The integration always involves:
- Loading the skill via
load_skill_from_dir() or load_skill_from_gcs_dir()
- Creating a
SkillToolset with the skill(s)
- Optionally configuring
additional_tools and code_executor
- Attaching the toolset to an
Agent
Step 6: Validate
Run the bundled validation script on the generated skill:
python scripts/validate_skill.py <path-to-generated-skill-dir>
This checks:
- SKILL.md exists and has valid YAML frontmatter
- All frontmatter keys are in the allowed set
name matches the directory name
name follows kebab-case rules (lowercase, hyphens, max 64 chars)
description is non-empty and under 1024 chars
- Scripts use supported extensions (.py, .sh, .bash)
metadata.adk_additional_tools is a list of strings (if present)
- No deeply nested resource paths
- Resource files are referenced from SKILL.md
Fix any issues the validator reports before delivering the skill.
Step 7: Deliver
Present the user with:
- The complete skill directory
- An
agent.py integration example
- Instructions for local testing (
adk run) or GCS deployment
- A summary of what ADK-specific capabilities the skill leverages
Reference files
These are your baseline knowledge, derived from ADK v1.28.0 source code. Always
supplement with live research from Step 1 — if the live docs contradict these
files, trust the live docs.
references/adk-models.md — Frontmatter, Resources, Skill Pydantic models,
validation rules, and the exact allowed frontmatter keys.
references/adk-toolset.md — How SkillToolset works, the four tools it exposes,
the system prompt it injects, and the progressive disclosure mechanism.
references/adk-scripts.md — The script execution model: how scripts are
materialized in temp dirs, supported languages, argument passing, timeouts.
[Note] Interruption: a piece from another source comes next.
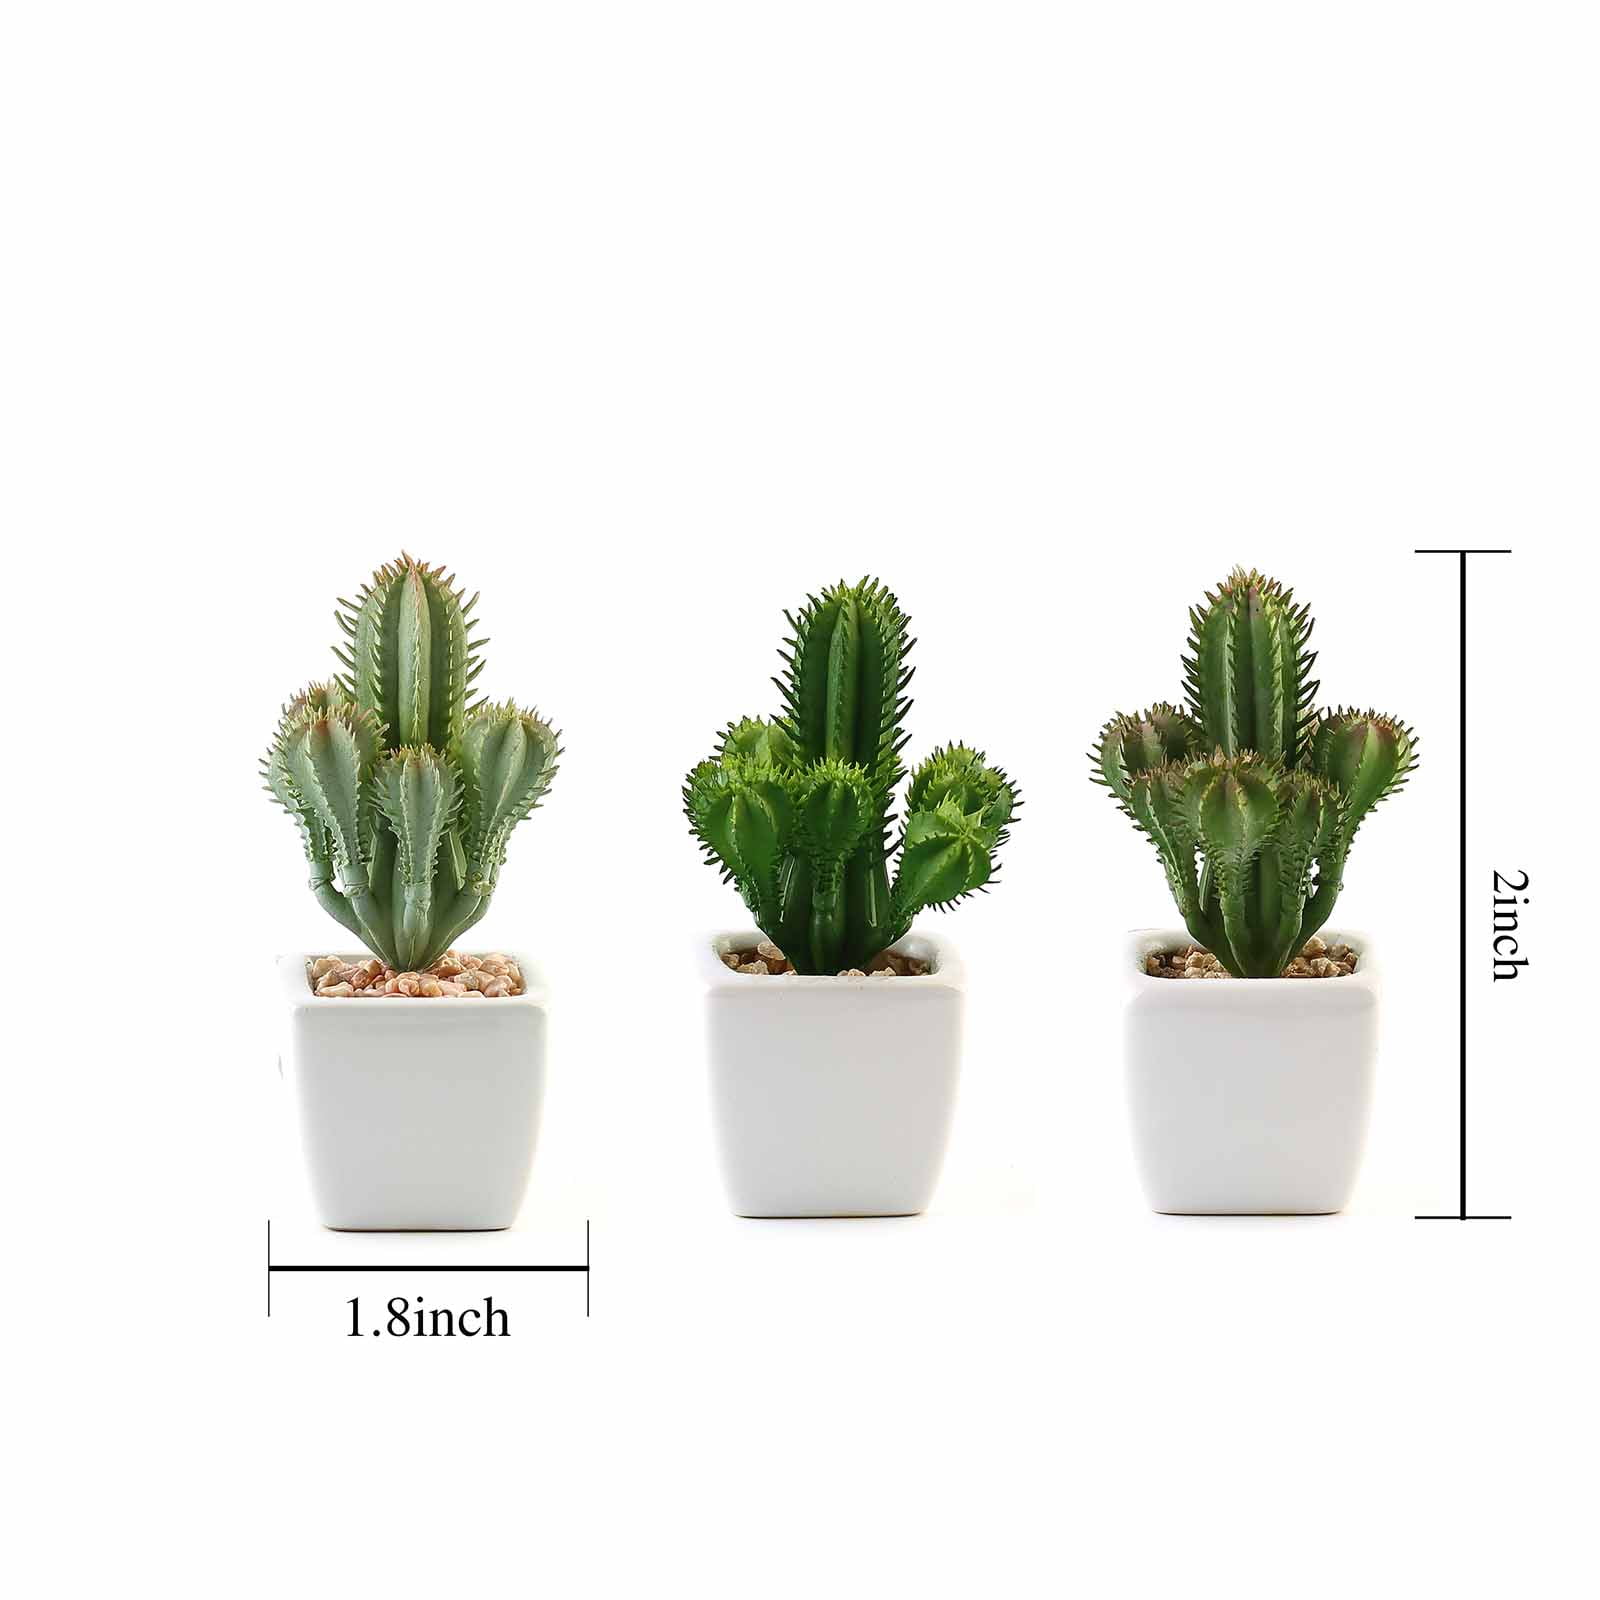 8.5" Faux Succulent Cactus in Ceramic Pot Plants rocks Wedding Decor Decorations

references/adk-patterns.md — Integration patterns: agent.py examples,
adk_additional_tools wiring, GCS deployment, binary asset handling,
programmatic skill construction.
Bundled scripts
scripts/validate_skill.py — Validate a skill directory against ADK constraints.
Run with: python scripts/validate_skill.py <skill-dir>
Assets
assets/template-skill.md — A starter SKILL.md template with all frontmatter
fields and recommended section structure.
assets/template-agent.py — A starter agent.py showing SkillToolset integration.